While the mother’s statements to the police would normally provide sufficient corroboration,* the precise issue is do they do so in light of the recantations of the mother and her daughter. In this regard, recantation of a party’s initial statement simply creates a credibility issue which the trial court must resolve (see Matter of Corey C., 20 AD3d 736, 737 [2005]). A child’s recantation of allegations of abuse does not necessarily require Family Court to accept the later statements as true because it is accepted that such a reaction is common among abused children (see id. at 737; Matter of Martha Z., supra at 707; see e.g. Matter of Ida EE., 31 AD3d 923, 923-925 [2006]). Moreover, the very first thing that the stepdaughter told the police was that she *923did not want respondent to be arrested. As to the mother’s recantation, we need only note that she previously pleaded guilty to a neglect petition which alleged that she failed to protect her daughter from respondent. That plea is consistent with the veracity of her statements and inconsistent with the recantation. According due deference to Family Court’s credibility determinations, we find no error in its rationale rejecting the recantations as unreliable, resulting in the child’s out-of-court statement being sufficiently corroborated by the mother’s statements, thereby establishing abuse and derivative neglect.

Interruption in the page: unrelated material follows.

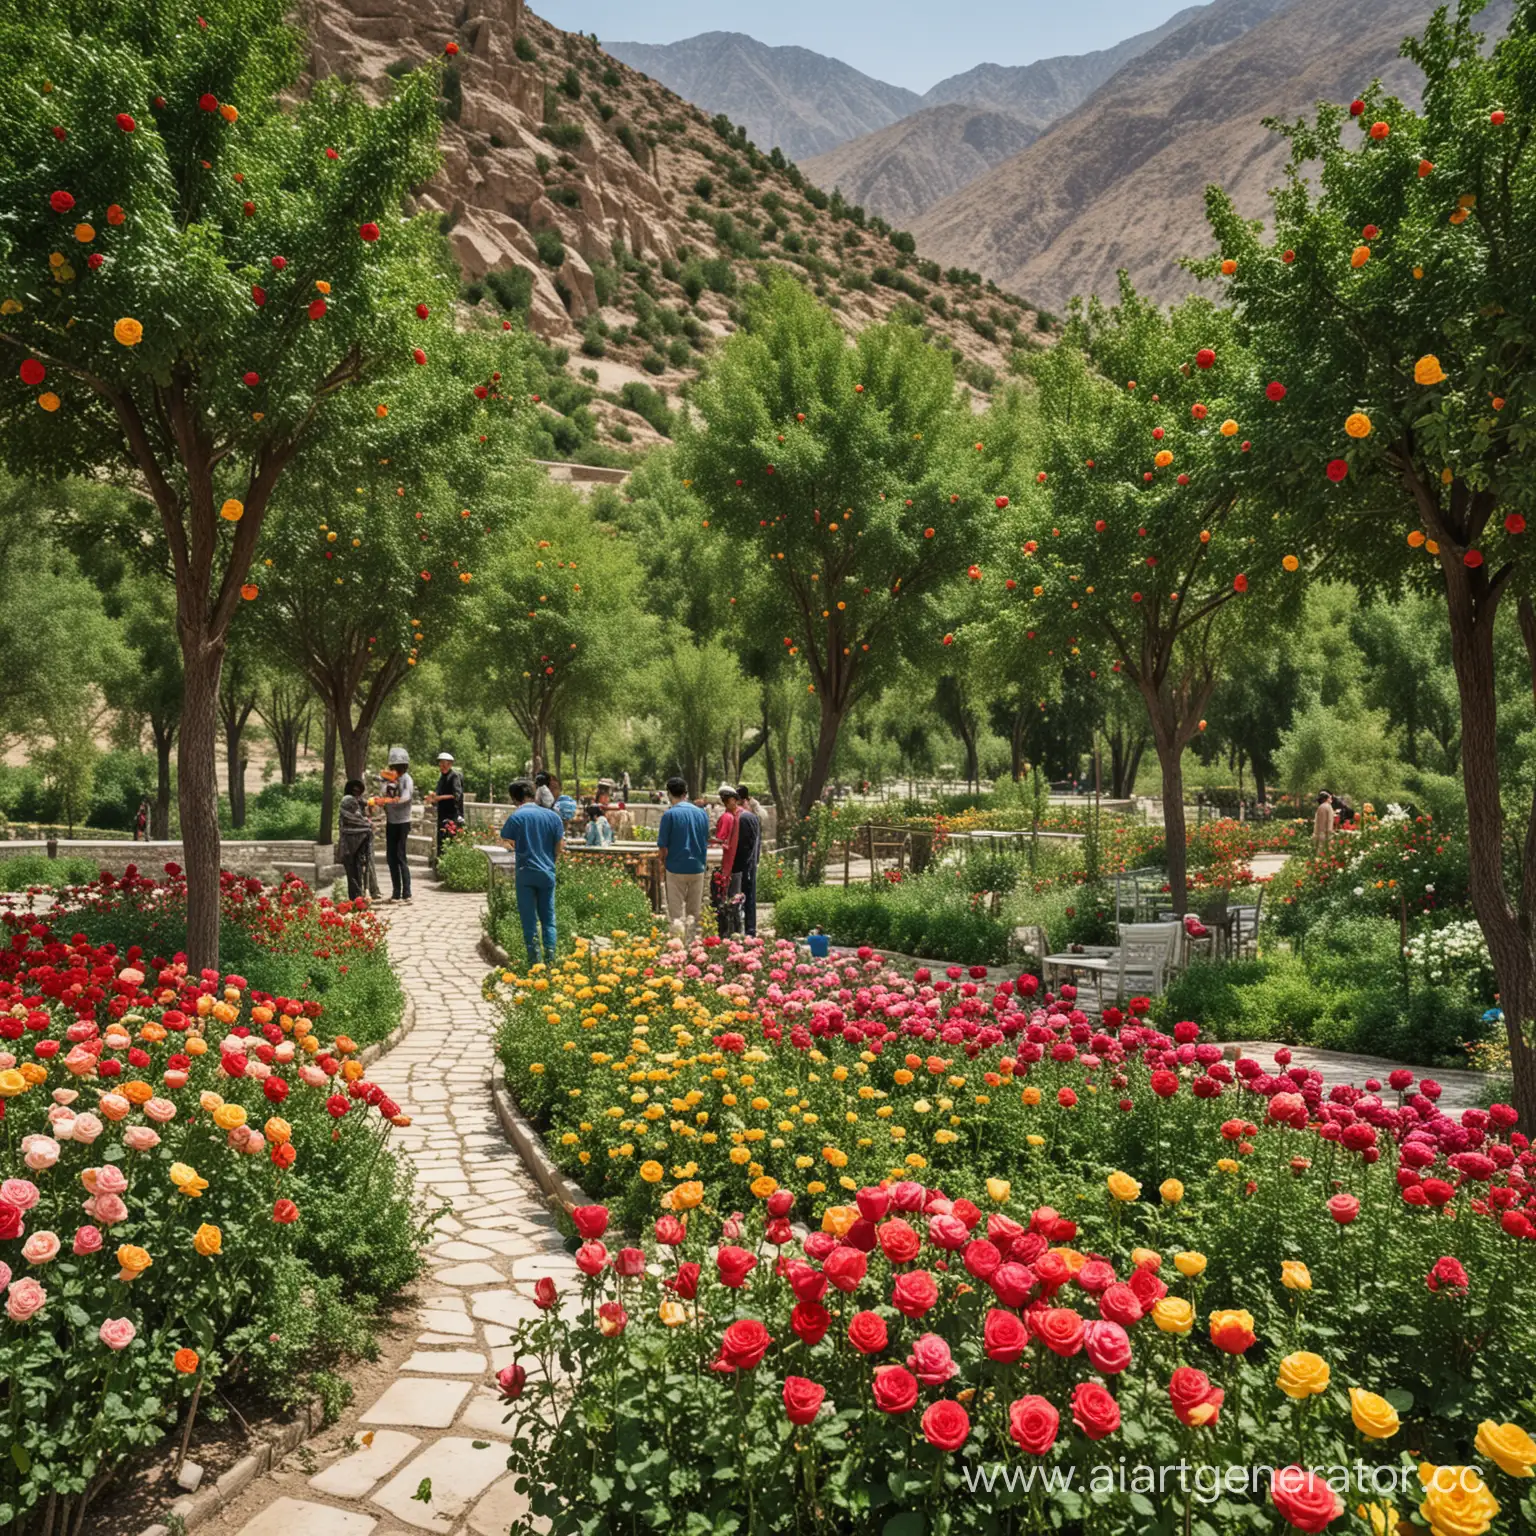 На фоне величественных узбекистанских гор, покрытых свежим зеленым покрывалом, расположен урюковый сад. В этом саду цветут яркие, разноцветные урюки, создавая невероятное зрелище. Среди цветов виднеется тапчан, покрытый изысканными узбекскими узорами и наполненный разнообразными национальными угощениями: сухофруктами, орехами, семечками и сладостями. Вокруг тачана собрались люди, наслаждаясь прекрасной природой и вкусными угощениями в этом уединенном уголке рая. 

рядом готовят плов и шашлык ( мастер класс по приготовлению национальных блюд

As a final matter, we have reviewed respondent’s claim that he was prejudiced by the mother’s assertion of her Fifth Amendment rights and find that claim to be without merit.

Crew, III, J.P., Spain, Carpinello and Kane, JJ., concur. Ordered that the order is affirmed, without costs.

These statements not only reported that the stepdaughter had admitted that she had sexual intercourse with respondent, but also that respondent had admitted—in graphic detail—to the same occurrence.